### What you should do
Of all the lines in the entries below, give again exactly those starting at the line containing "První vydání Vydalo" and ending at the line containing "Les cyclomoteurs et", both ends included, and no others.

### The data
◇ ◇ ◇ ◇ ◇
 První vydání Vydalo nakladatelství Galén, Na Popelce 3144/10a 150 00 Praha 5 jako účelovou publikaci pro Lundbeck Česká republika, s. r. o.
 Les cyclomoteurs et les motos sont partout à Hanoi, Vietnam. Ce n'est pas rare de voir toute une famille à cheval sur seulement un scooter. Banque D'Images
◇ ◇ ◇ ◇ ◇
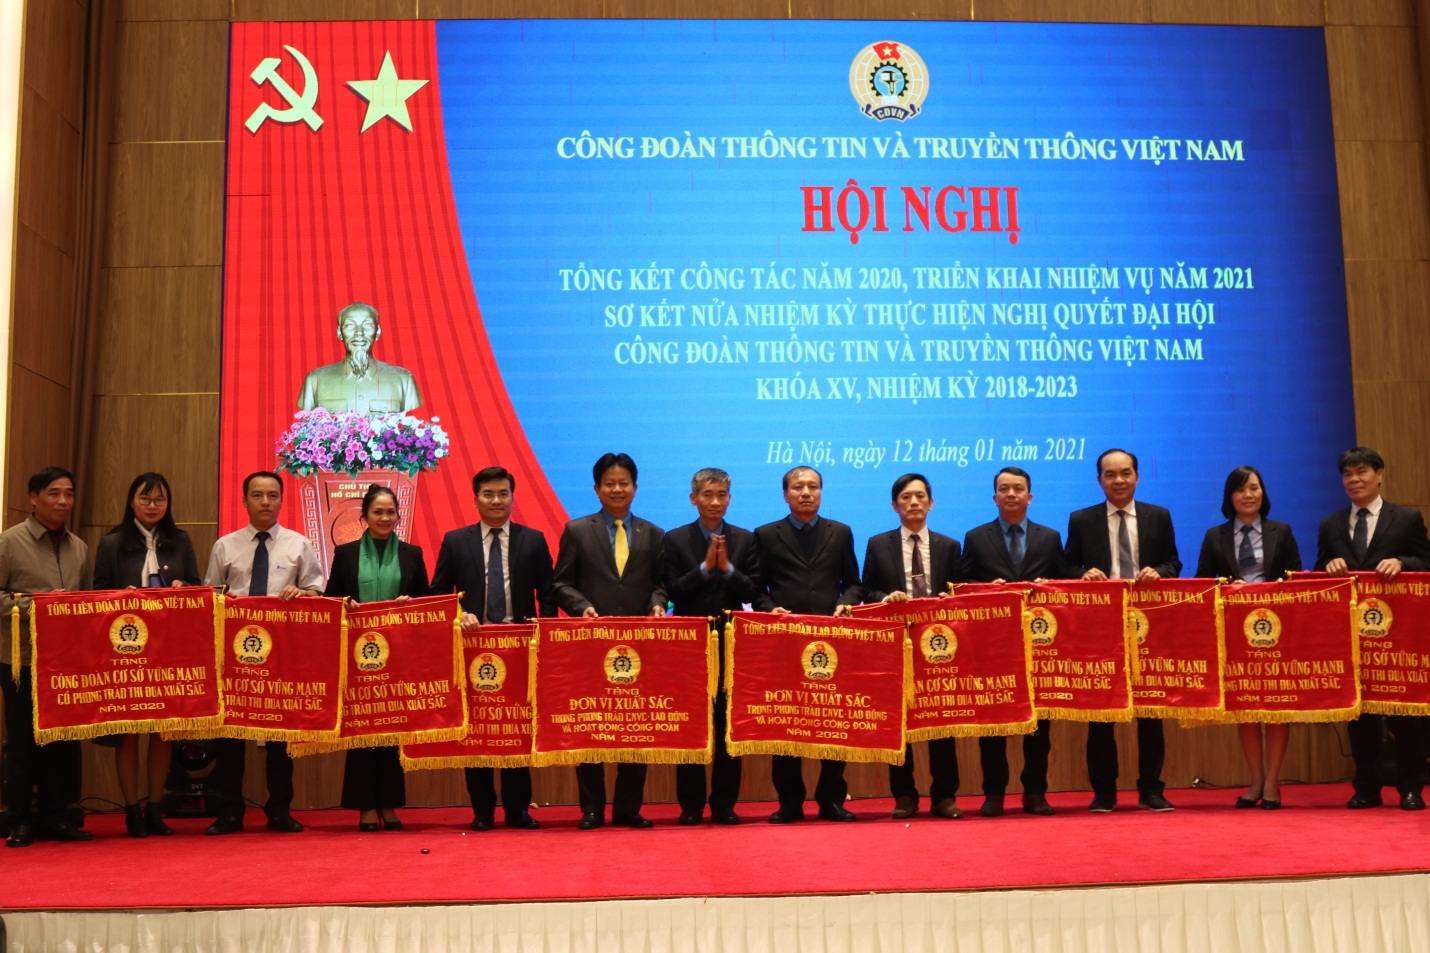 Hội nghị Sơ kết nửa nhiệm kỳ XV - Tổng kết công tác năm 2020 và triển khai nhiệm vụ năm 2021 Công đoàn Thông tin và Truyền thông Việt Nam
◇ ◇ ◇ ◇ ◇
### Answer box
 První vydání Vydalo nakladatelství Galén, Na Popelce 3144/10a 150 00 Praha 5 jako účelovou publikaci pro Lundbeck Česká republika, s. r. o.
 Les cyclomoteurs et les motos sont partout à Hanoi, Vietnam. Ce n'est pas rare de voir toute une famille à cheval sur seulement un scooter. Banque D'Images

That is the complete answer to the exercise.